§ EXERCISE INSTRUCTIONS
The reply should reproduce every line of the data below word for word, minus any images.

§ MATERIAL PROVIDED
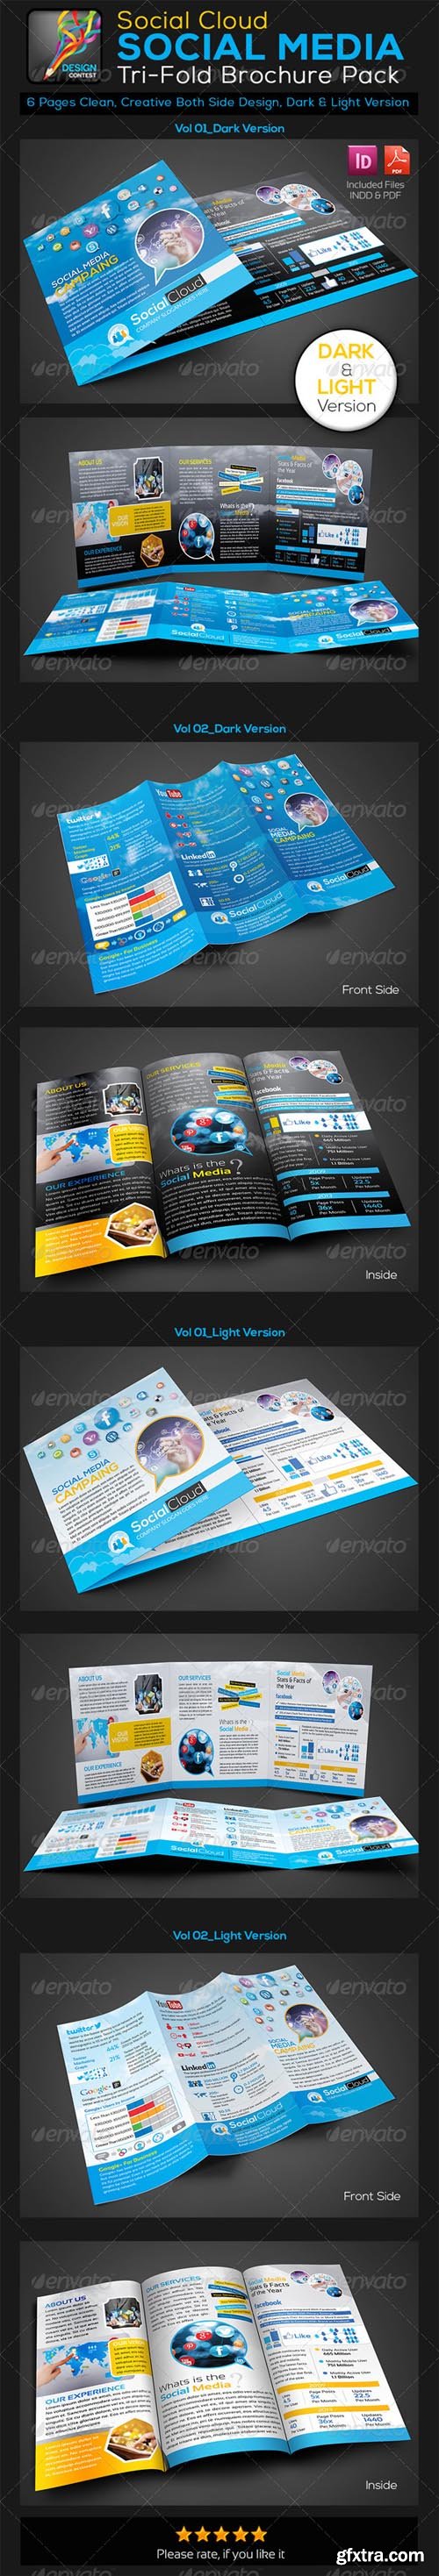 GR - Social Media Tri-fold Business Brochure 5744378
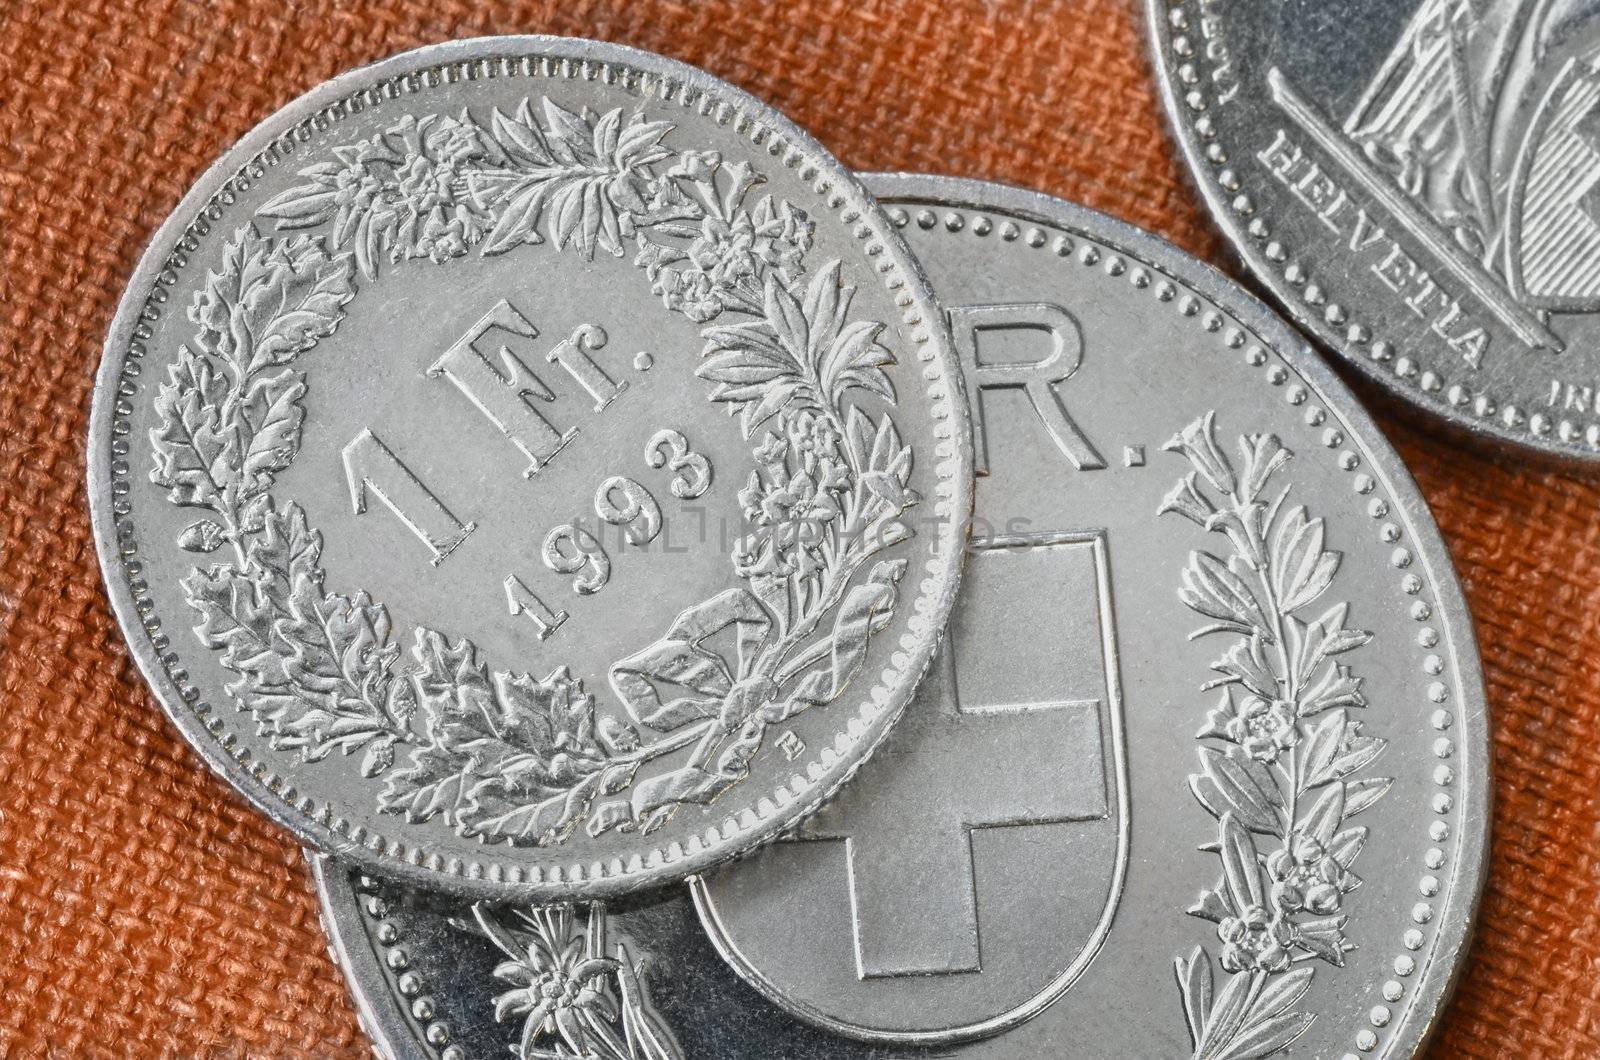 Swiss coins by Vectorex
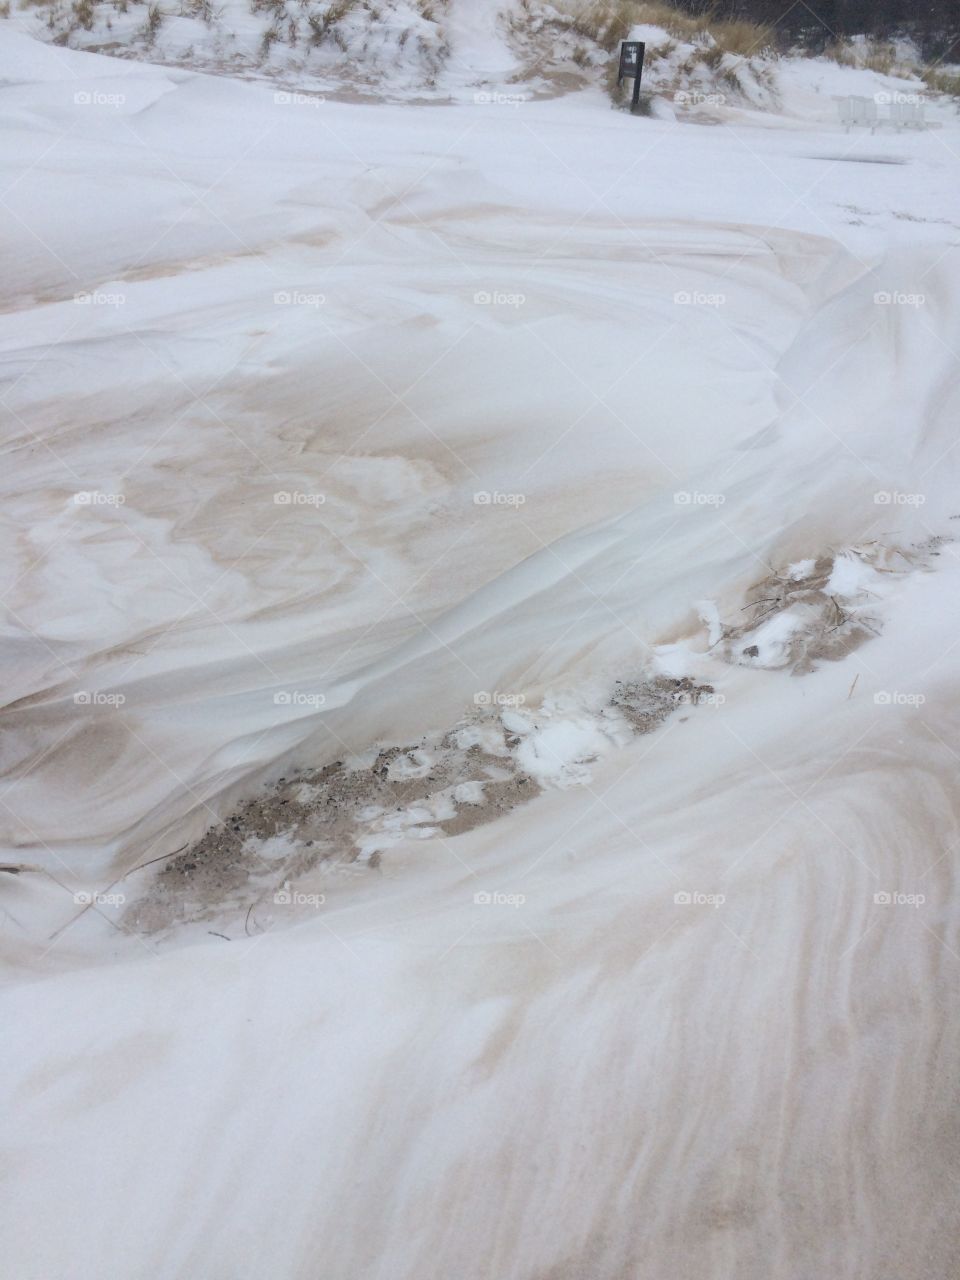 Snow/Ice/sand mix on beach
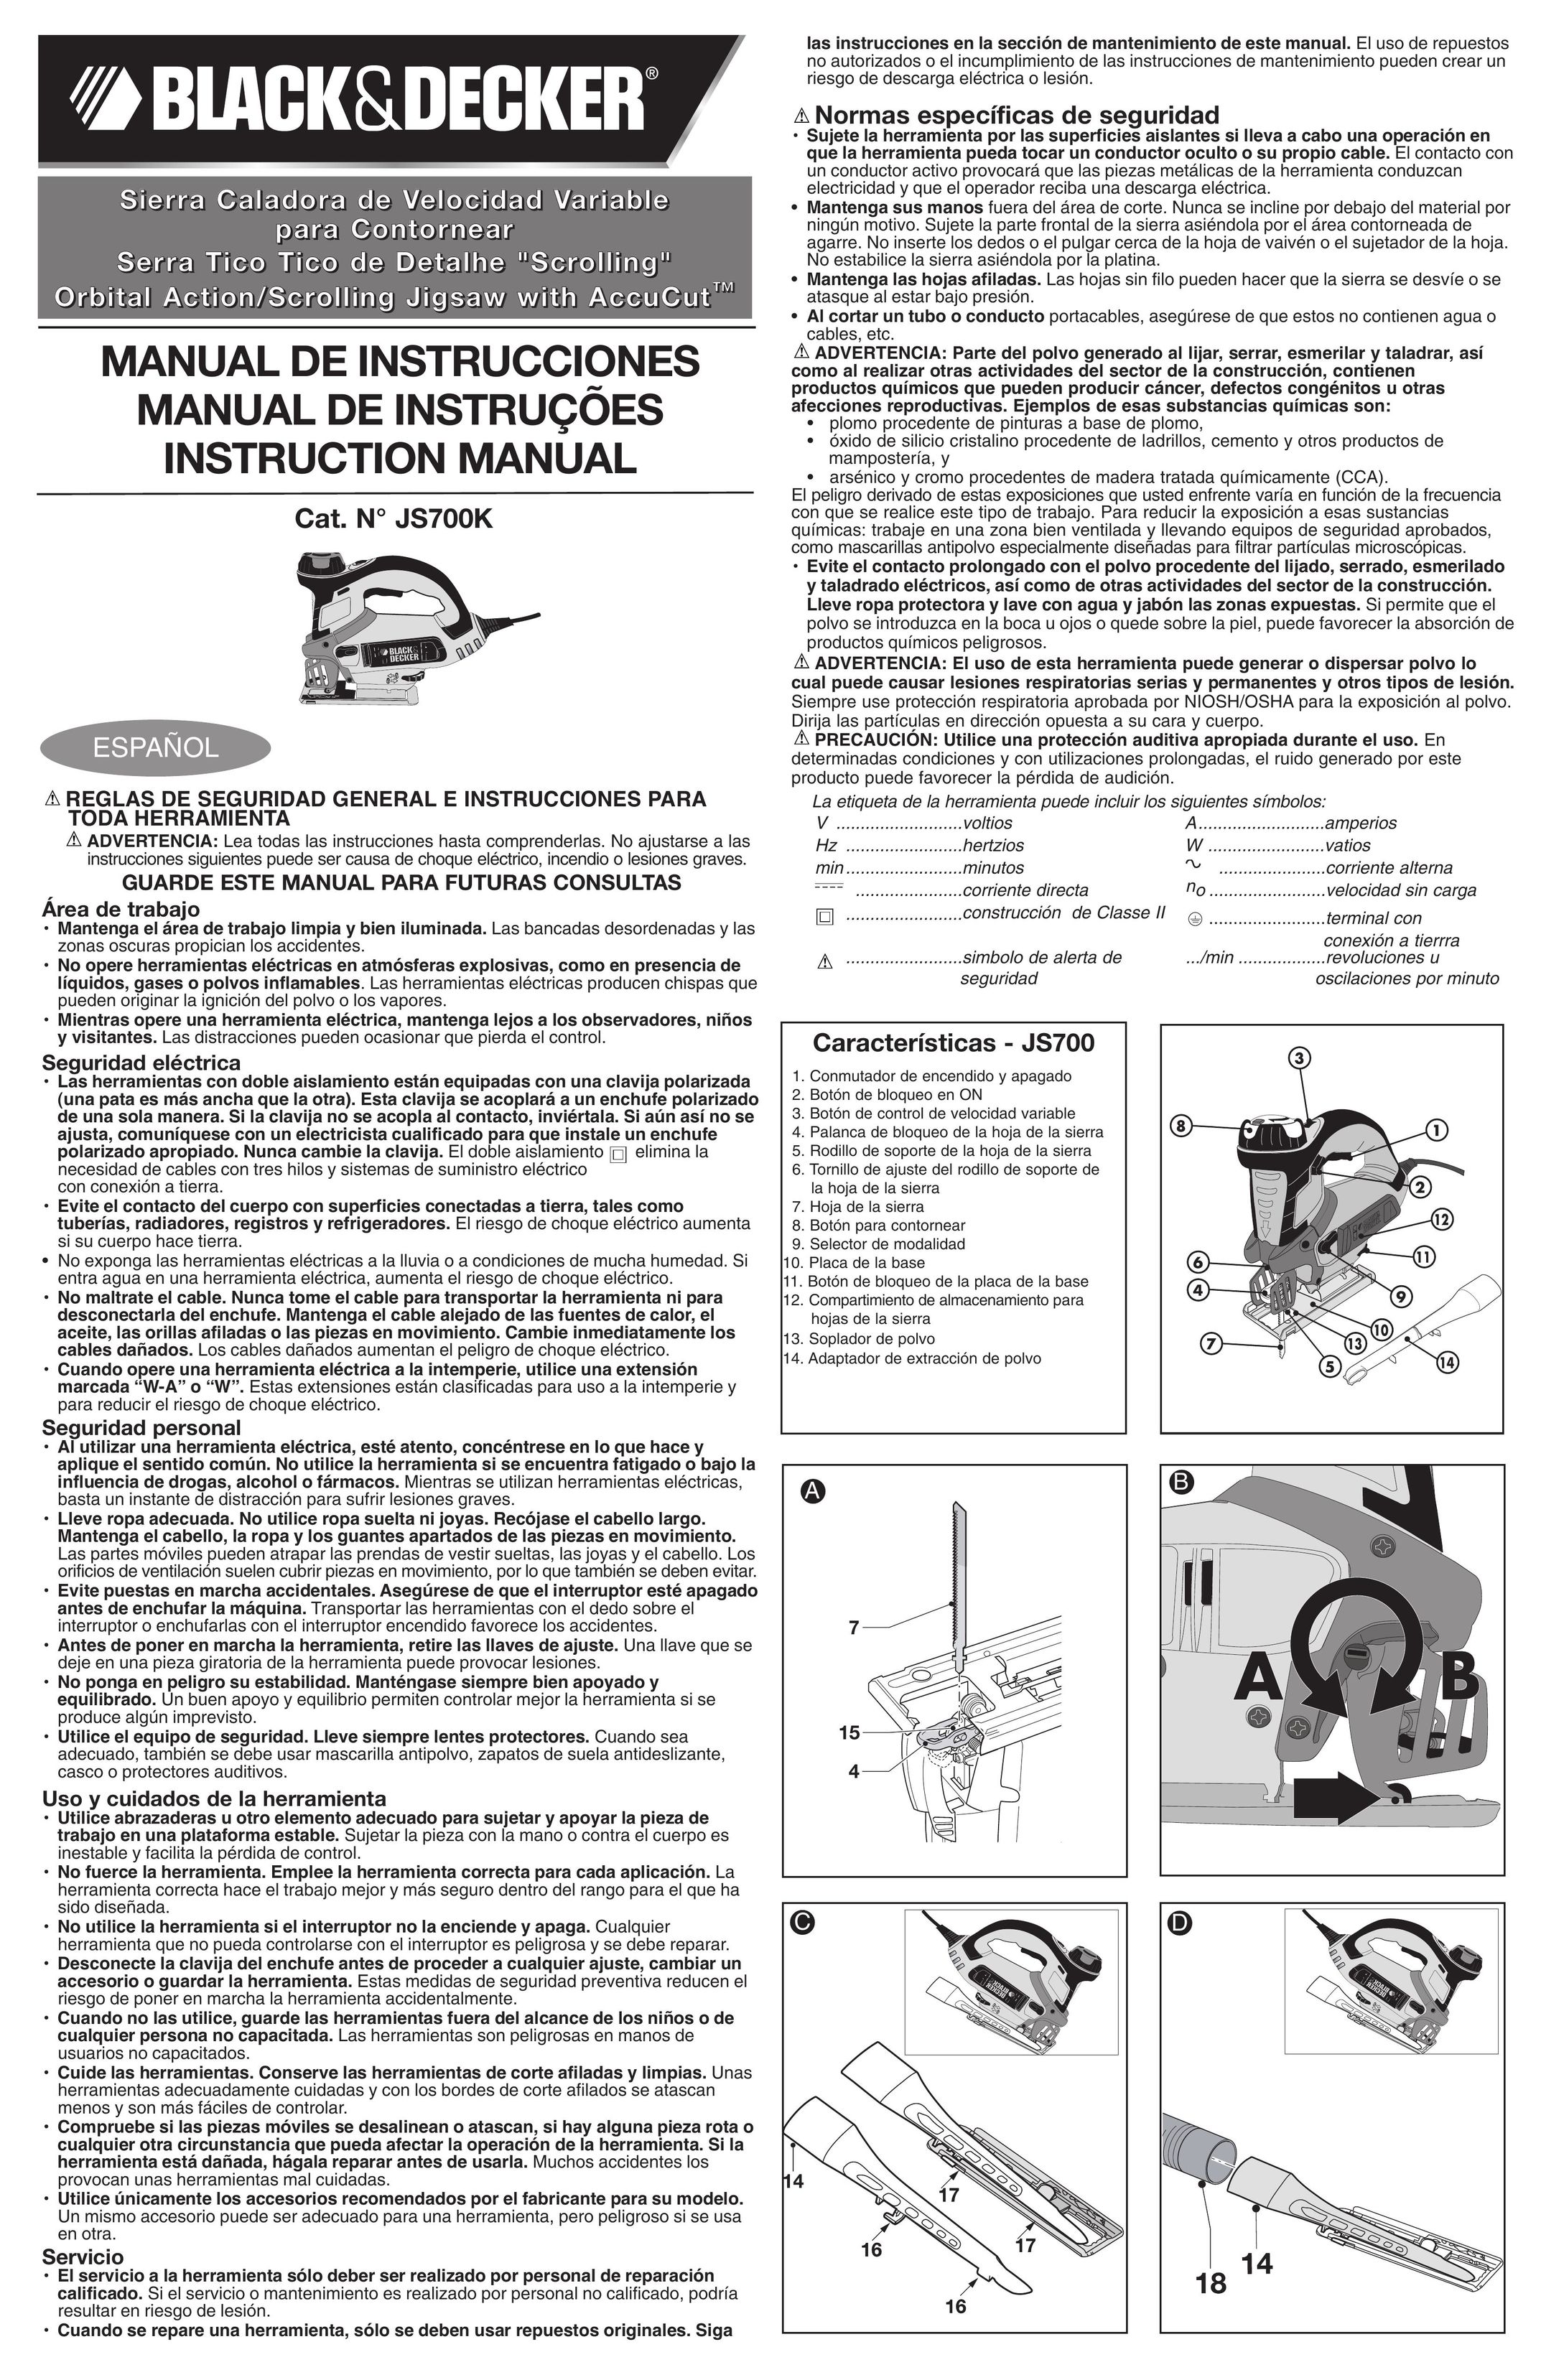 Black & Decker 587384-03 Saw User Manual

§ THE COMPLETED TASK
 GR - Social Media Tri-fold Business Brochure 5744378
 Swiss coins by Vectorex
 Snow/Ice/sand mix on beach
 Black & Decker 587384-03 Saw User Manual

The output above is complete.